Problem: ABCD is a square. E(4, 3), F(2, 5) lie on AB and CD respectively such that EF divides the square in two equal parts. If the coordinates of A is (7, 3), other coordinates of the vertices can be

(A) (7, 2)

(B) (7, 5)

(C) (-1, 3)

(D) (-1, 7)

Ans: (B), (C).

Sol: Mid-point (G) of EF is centre of square.

## The minimum distance of $4x^2 + y^2 + 4x – 4y + 5 = 0$ from the line $-4x + 3 y = 3$ is

Problem: The minimum distance of $\large 4x^2 + y^2 + 4x – 4y + 5 = 0$ from the line $-4x + 3 y = 3$ is

(A) 2

(B) 3

(C) 1

(D) none of these

Ans: (C)

Sol: The given curve represents the point (-1/2 , 2) , so minimum distance = 1.

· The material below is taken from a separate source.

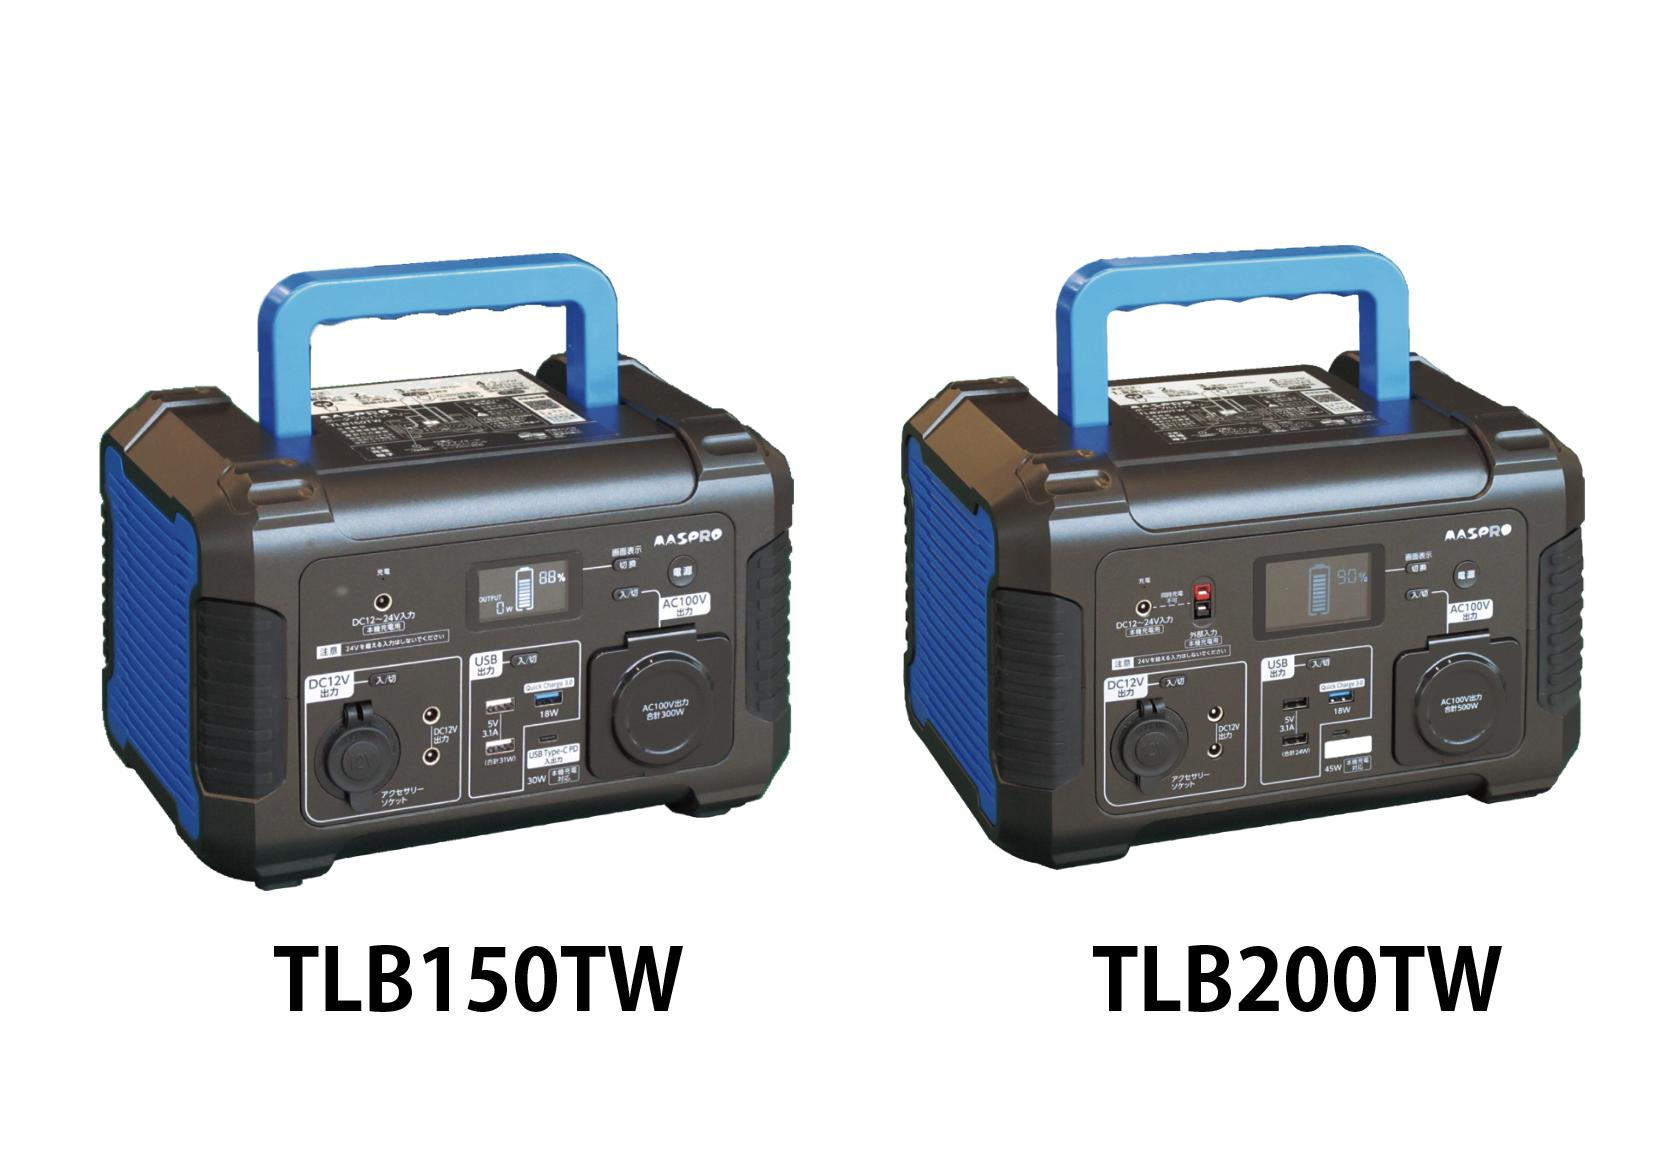 【マスプロ電工】防災・アウトドア・イベントのほか作業にも最適!『ポータブルバッテリーTLB150TW/TLB200TW』の画像
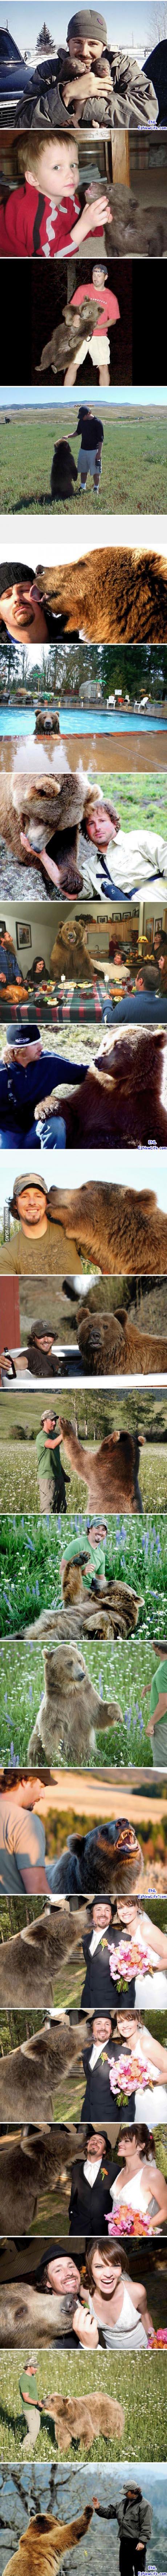 男人在野外發現了失去母熊的垂危幼熊,毅然決定將一輩子養育這隻幼熊…-0

## Through the point P(α , β), where α β > 0, the straight line $\large \frac{x}{a} + \frac{y}{b} = 1$ is

Problem:     Through the point P(α , β), where α β > 0, the straight line $\large \frac{x}{a} + \frac{y}{b} = 1$ is drawn so as to form with coordinate axes a triangle of area s. If ab > 0, then least value of s is

(A) 2α β

(B) (1/2 ) α β

(C) α β

(D) none of these

Ans: (A)

Sol: Given P ≡ (α , β)

Given line is $\large \frac{x}{a} + \frac{y}{b} = 1$  …(i)

If line (i) cuts x and y axes at A and B respectively, then

A ≡ (a, 0) and B ≡ (0, b).

Also the area of ΔOAB = s

(1/2)ab = s ⇒  ab = 2s

Since line (i) passes through P(α , β),

$\large \frac{\alpha}{a} + \frac{\beta}{b} = 1$

$\large \frac{\alpha}{a} + \frac{\alpha \beta}{2 s} = 1$

⇒ a2 β – 2a s + 2α s = 0

Since a is real, 4s2 – 8 α β s  ≥ 0

⇒  s ≥ 2 α β  .

Hence the least value of  s = 2 α β

## If the lines x=a + m, y=-2 and y = mx are concurrent, the least value of  |a| is

Problem:  If the lines x=a + m, y=-2 and y = mx are concurrent, the least value of  |a| is

(A) 0

(B) √2

(C) 2√2

(D) none of these

Ans:(C)

Sol: Since the lines are concurrent

$\large \left| \begin{array}{ccc} 1 & 0 & -a-m \\ 0 & 1 & 2 \\ m & -1 & 0 \end{array} \right| = 0$

⇒ m2 + am + 2 = 0

Since m is real, a2  ≥ 8,  |a| ≥ 2√2

Hence the least value of |a| is 2√2.